Menurutnya, pelaksanaan PENAS KTNA XVII merupakan kehormatan sekaligus peluang strategis bagi Kabupaten Gorontalo untuk menunjukkan potensi daerah, khususnya di sektor pertanian, perikanan, UMKM, pariwisata, dan ekonomi kerakyatan.
Kepercayaan yang diberikan kepada Kabupaten Gorontalo sebagai tuan rumah, lanjut Sofyan, menjadi bukti bahwa daerah ini memiliki kapasitas dan kesiapan dalam menyelenggarakan kegiatan berskala nasional. Karena itu, seluruh elemen pemerintah dan masyarakat terus memperkuat sinergi guna memastikan pelaksanaan kegiatan berlangsung sukses.
“Di tengah berbagai tantangan yang dihadapi daerah, termasuk kondisi fiskal dan kebijakan efisiensi anggaran, semangat kita tidak berkurang. Bersama Pemerintah Provinsi Gorontalo, KTNA, HNSI, HKTI, serta seluruh pemangku kepentingan, kami terus membangun koordinasi dan kolaborasi agar penyelenggaraan PENAS berjalan maksimal,” jelasnya.
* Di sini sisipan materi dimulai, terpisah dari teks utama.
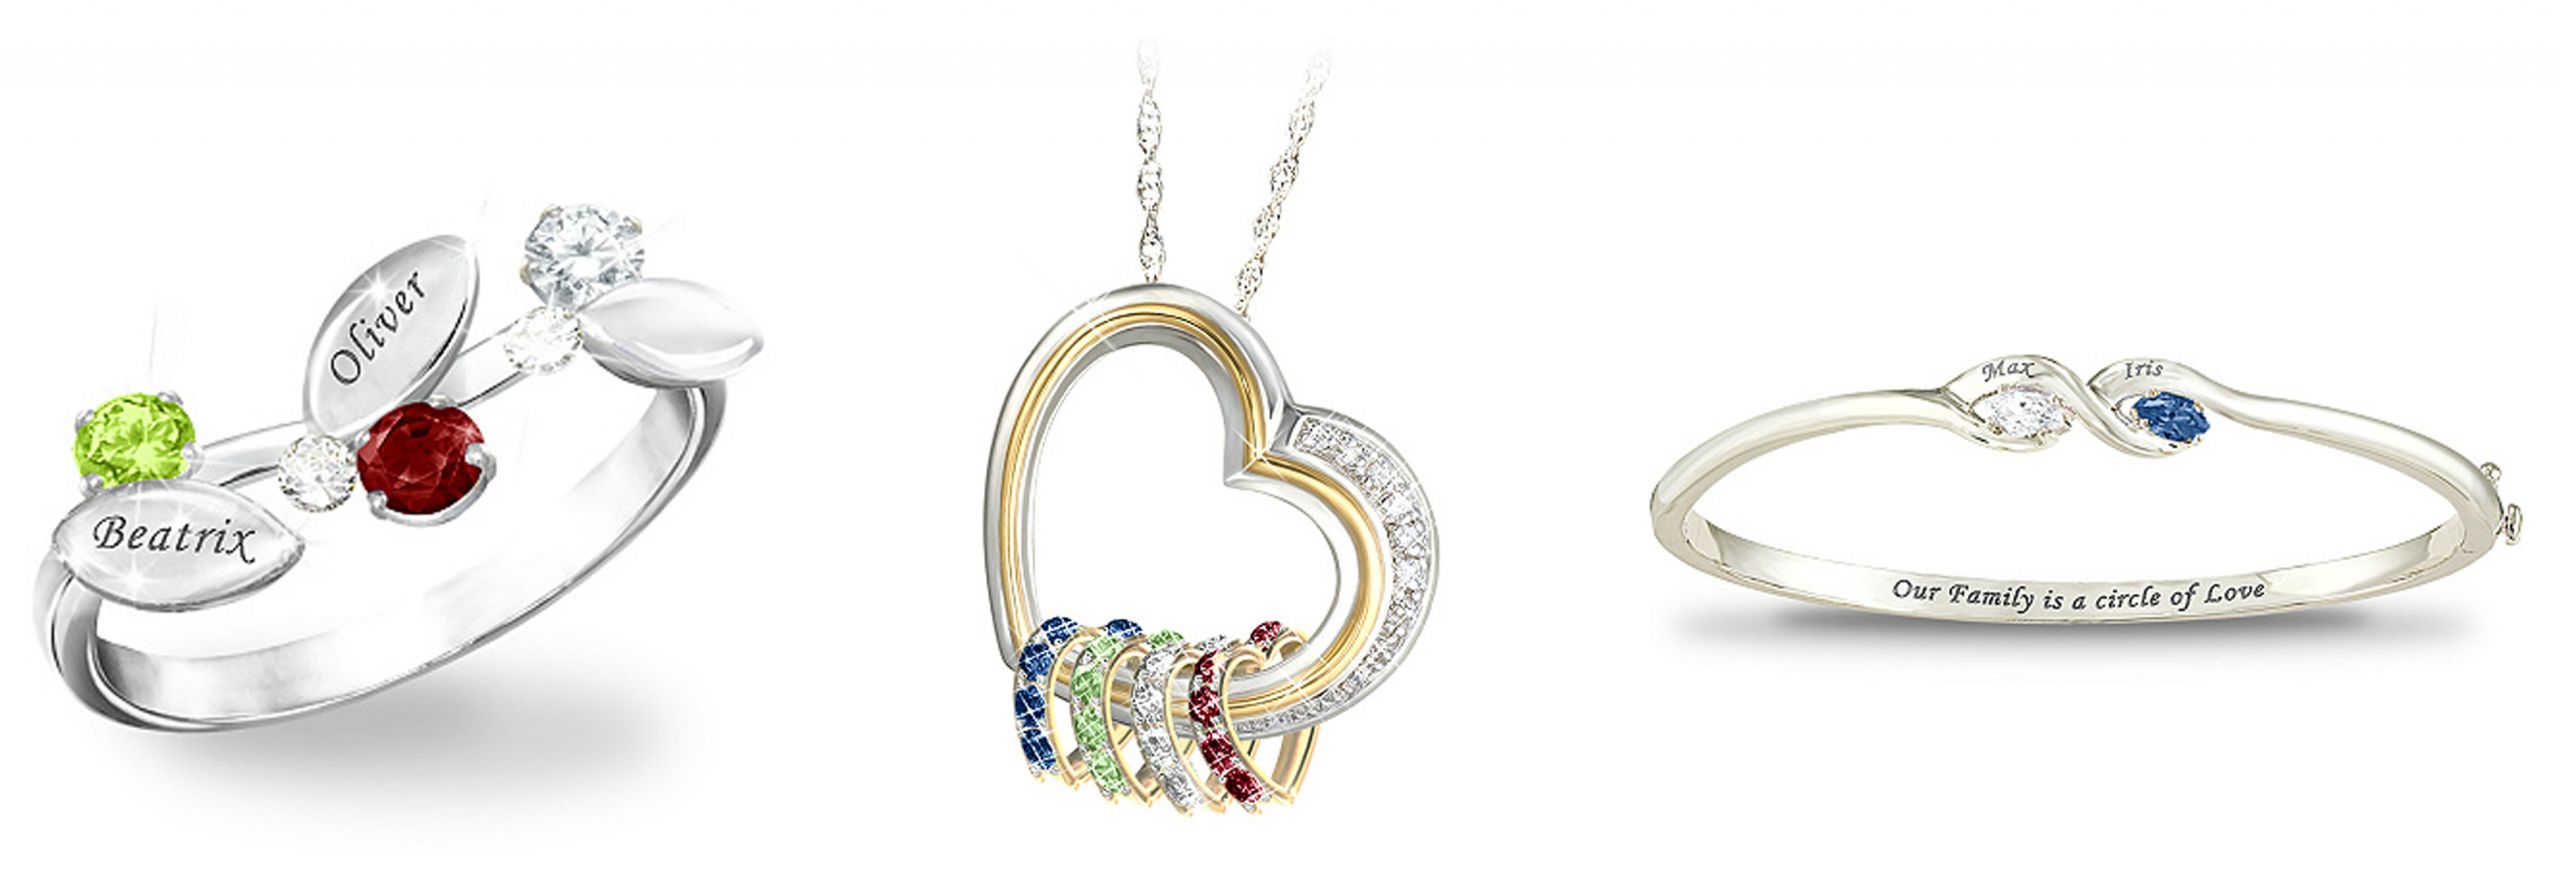 Mothers Day Gifts Jewelry
 The Best Deals to Buy in April

Sofyan juga menekankan bahwa keberhasilan PENAS KTNA XVII nantinya akan memberikan dampak jangka panjang bagi daerah. Selain menjadi ajang pertukaran pengetahuan dan teknologi di bidang pertanian dan perikanan, kegiatan ini juga diyakini mampu menggerakkan perekonomian masyarakat, meningkatkan kunjungan ke daerah, serta memperkuat citra Kabupaten Gorontalo sebagai salah satu daerah agraris yang maju dan berkembang di Indonesia.
“Kami optimistis Kabupaten Gorontalo mampu menjadi tuan rumah yang baik. Dukungan masyarakat menjadi kekuatan utama dalam menyukseskan kegiatan ini. Mari kita tunjukkan keramahan, kekompakan, dan semangat gotong royong masyarakat Gorontalo kepada seluruh tamu yang akan datang dari berbagai penjuru Nusantara,” ungkapnya.
Konvoi Nusantara menjadi salah satu rangkaian sosialisasi yang tidak hanya membangun antusiasme masyarakat menjelang pelaksanaan PENAS KTNA XVII Tahun 2026, tetapi juga menjadi sarana memperkuat rasa bangga sebagai tuan rumah. Dengan persiapan yang terus dimatangkan, Kabupaten Gorontalo optimistis mampu menghadirkan penyelenggaraan PENAS yang sukses, berkesan, dan memberikan manfaat nyata bagi kemajuan daerah serta kesejahteraan masyarakat.